Despite a "dynamic environment," the company achieved "record results" in the fiscal year 2022 which concluded on June 30. This was stated in the computer giant's annual report by CEO Satya Nadella.

"We generated $83 billion in operating profits and $198 billion in revenue. In the fiscal year 2022 report, he said that Microsoft Cloud's yearly revenue for the first time exceeded $100 billion.

In spite of this, Microsoft said in January that it will be cutting 10,000 employees as the company prepares for slower revenue growth.

Alphabet, the parent of Google

Alphabet, Google's parent company, announced in January that it will lay off 12,000 employees.

The firm failed on earnings and sales in the fourth quarter but achieved a 1% year-on-year revenue increase for the December quarter.

On the results call, CFO Ruth Porat stated that Alphabet hired 3,455 individuals during the quarter, the majority of whom were in technical jobs.

She also told Trade Algo that the firm is significantly decreasing its recruiting rate to deliver profitable growth in the long run.

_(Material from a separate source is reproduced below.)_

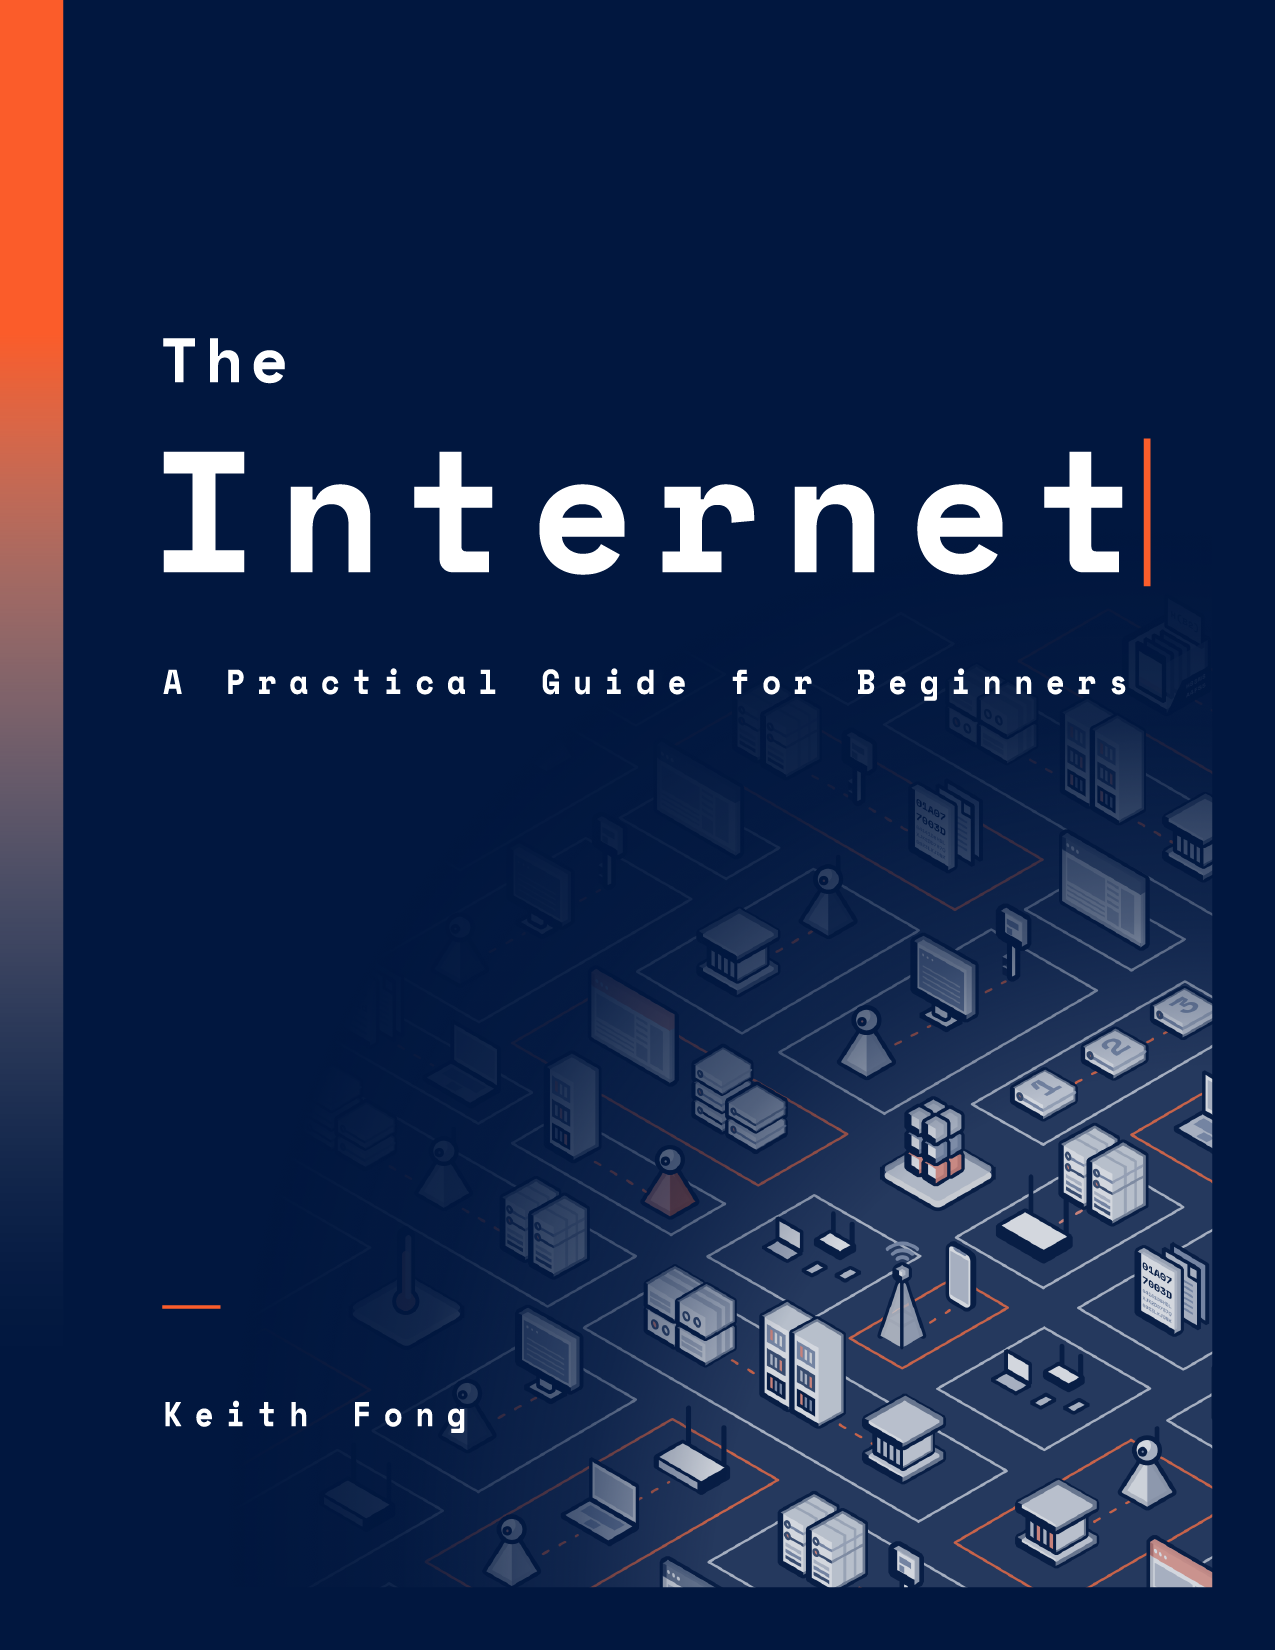 The Internet: A Practial Guide for Beginners

"We've experienced times of significant development over the last two years." "We hired for a different economic reality than the one we confront now to match and fuel that growth," stated CEO Sundar Pichai in a statement to employees.

Amazon

Amazon cut off over 18,000 employees in January and plans to lay off another 9,000 in the following weeks.

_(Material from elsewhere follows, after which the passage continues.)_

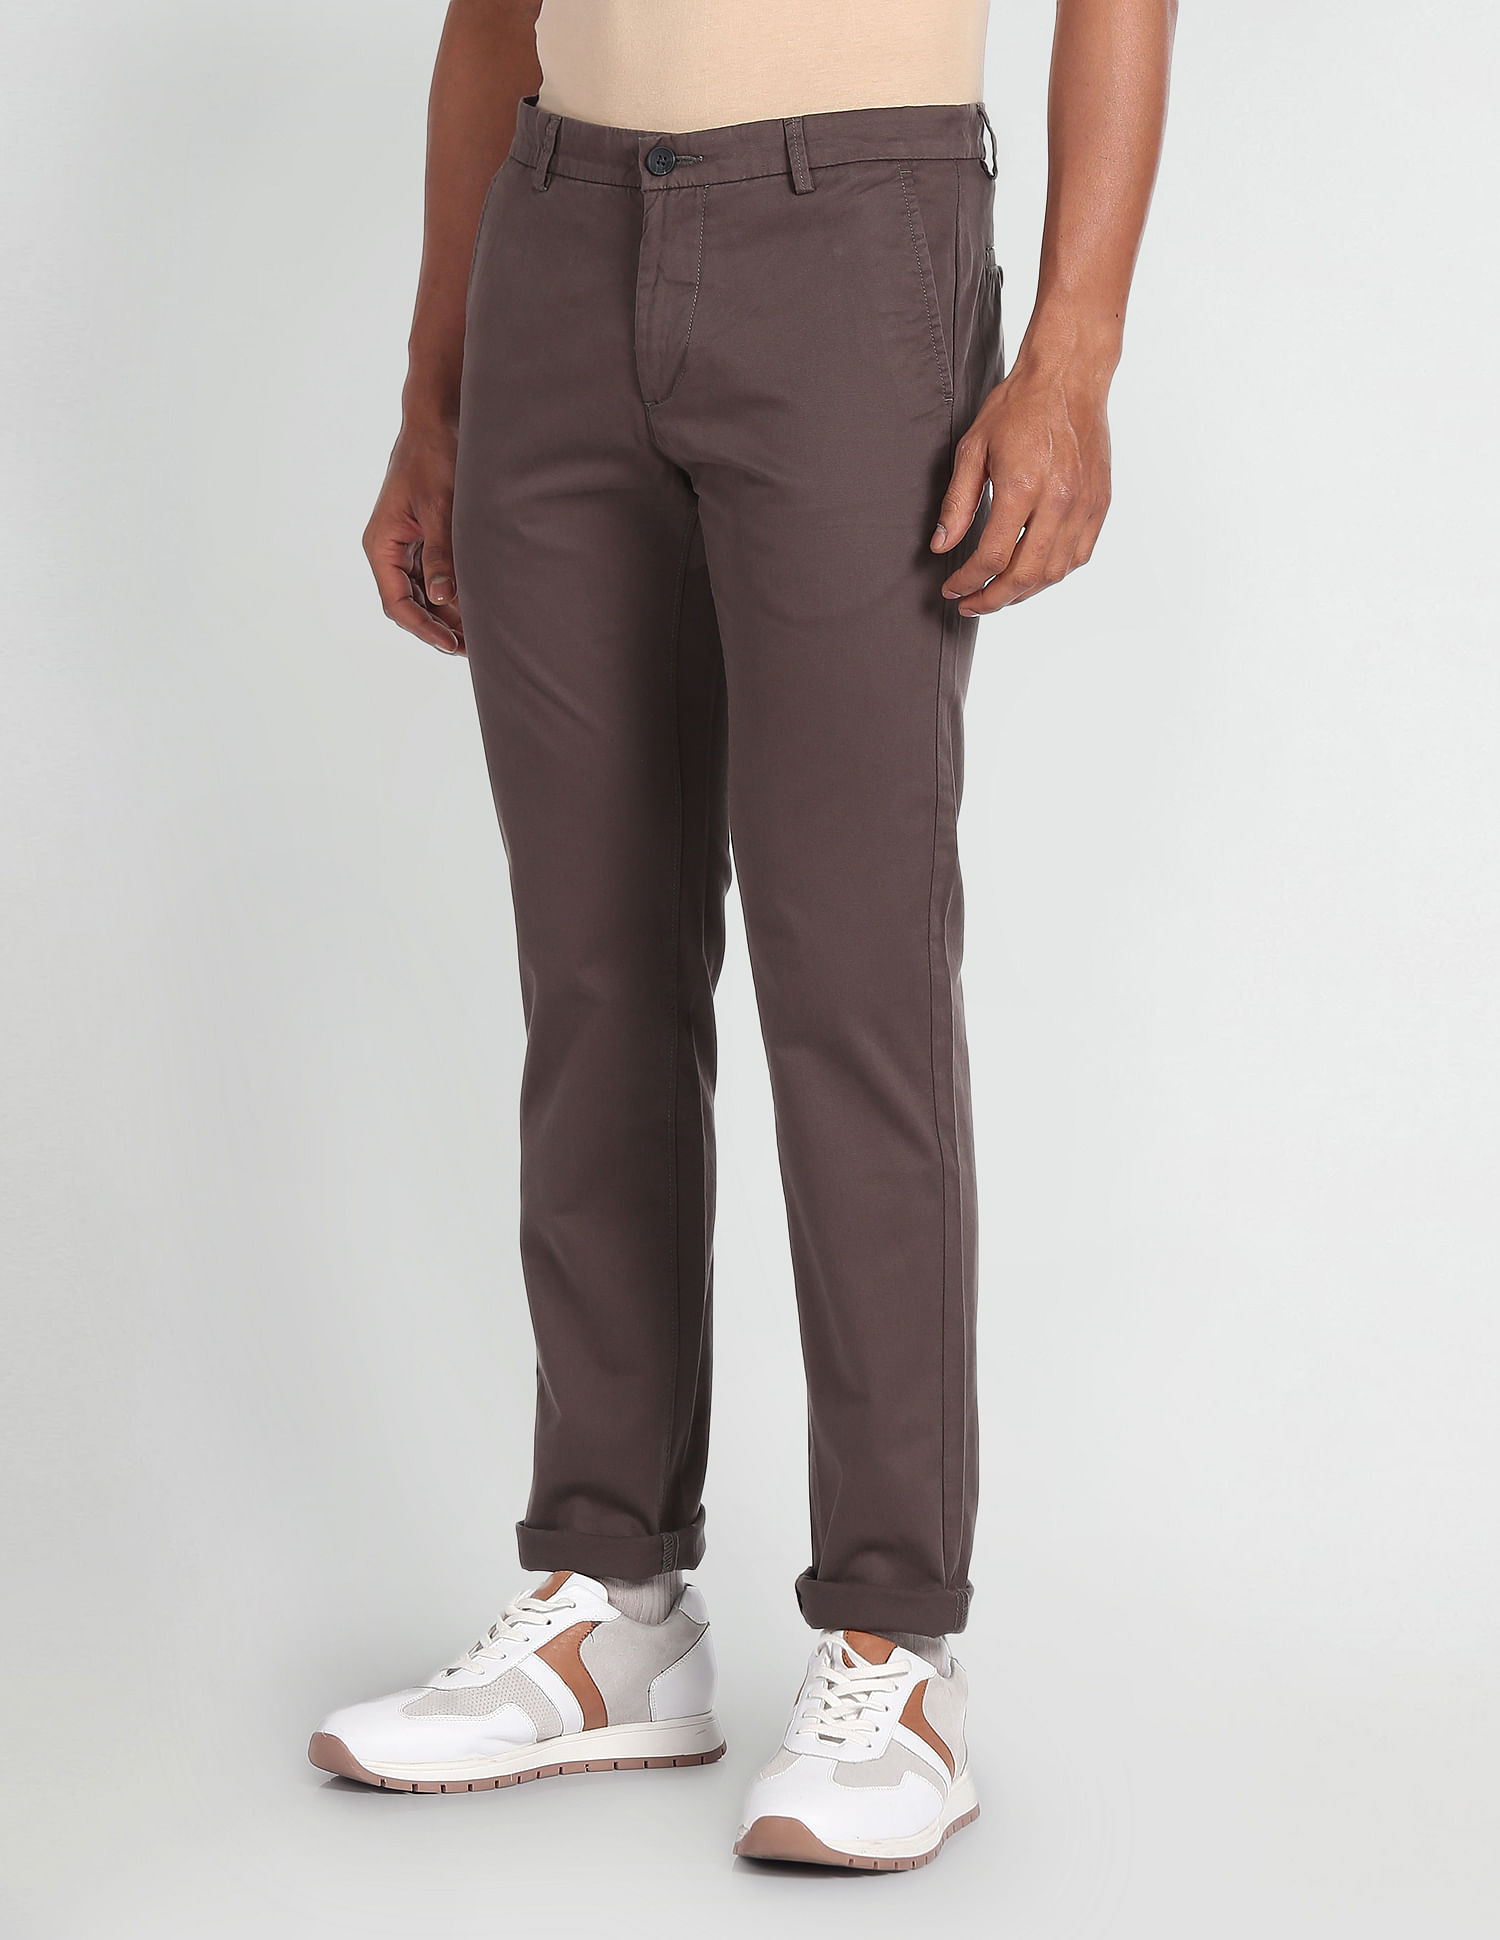 Buy Arrow Sports Bronson Slim Fit Printed Casual Trousers - NNNOW.com

Despite exceeding experts' expectations in the fourth quarter of 2022, revenue was impressive.

Despite net sales increasing by 9% to $149.2 billion in the quarter, operating income fell to $2.7 billion from $3.5 billion a year ago.

Overall, 2022 was Amazon's weakest year of growth since the company went public in 1997. The e-commerce behemoth warned of recessionary pressures and a drop in consumer spending.

SAP

SAP of Germany said it reached its full-year 2022 estimate across the board, with cloud revenue growing 24% year on year. The corporate software provider also reported a 2% increase in operating profit.

Still, SAP said in January that it will be laying off up to 3,000 employees as the business's leadership strives to steer the company toward double-digit profit growth in 2023.

Sea Group

Sea Group, located in Singapore, recorded a net income of $422.8 million in the fourth quarter of 2022, the company's first quarterly profit since its inception in 2019.

According to media sources, the Indonesian subsidiary of Sea's e-commerce affiliate Shopee undertook a new wave of layoffs, impacting less than 500 full-time and contractual staff.

Last year, the corporation allegedly lost about 7,000 positions or roughly 10% of its staff.

Other Asian tech companies have not been spared.

Companies that have slashed personnel in the recent several months include Indonesia's GoTo Group, Singapore's Sea Group, Carousell, Foodpanda, and South Korea's Naver and Kakao.

Dell

Dell reported record revenue of $102.3 billion in the fiscal year 2023, which ended on February 3, up 1% from the previous year. Operational income increased by 24% year on year to $5.77 billion.

In February, the PC manufacturer revealed intentions to lay off 5% of its staff, or 6,650 people.

In a statement to staff, co-COO Jeff Clarke stated that the workforce decrease was done to "keep ahead of downturn implications."

While sales for the fiscal year 2023 increased, Dell's operating income fell 26% to $1.18 billion in the fourth quarter of the fiscal year 2023 as worldwide demand for PCs and laptops slowed.

Apple

So far, Apple has avoided widespread layoffs by hiring at a slower rate than Google, Amazon, Microsoft, and Others. Yet, the iPhone manufacturer is also seen tightening its belt. In March, the business reportedly postponed incentives for certain staff and halted recruiting. According to Bloomberg, Apple laid off contract workers in August.

The iPhone manufacturer fell short of revenue, profit, and sales targets for key business lines in the first quarter of the fiscal year 2023, which ended Dec. 31 last year.

CEO Tim Cook blamed it on a high currency, Chinese production difficulties, and macroeconomic challenges.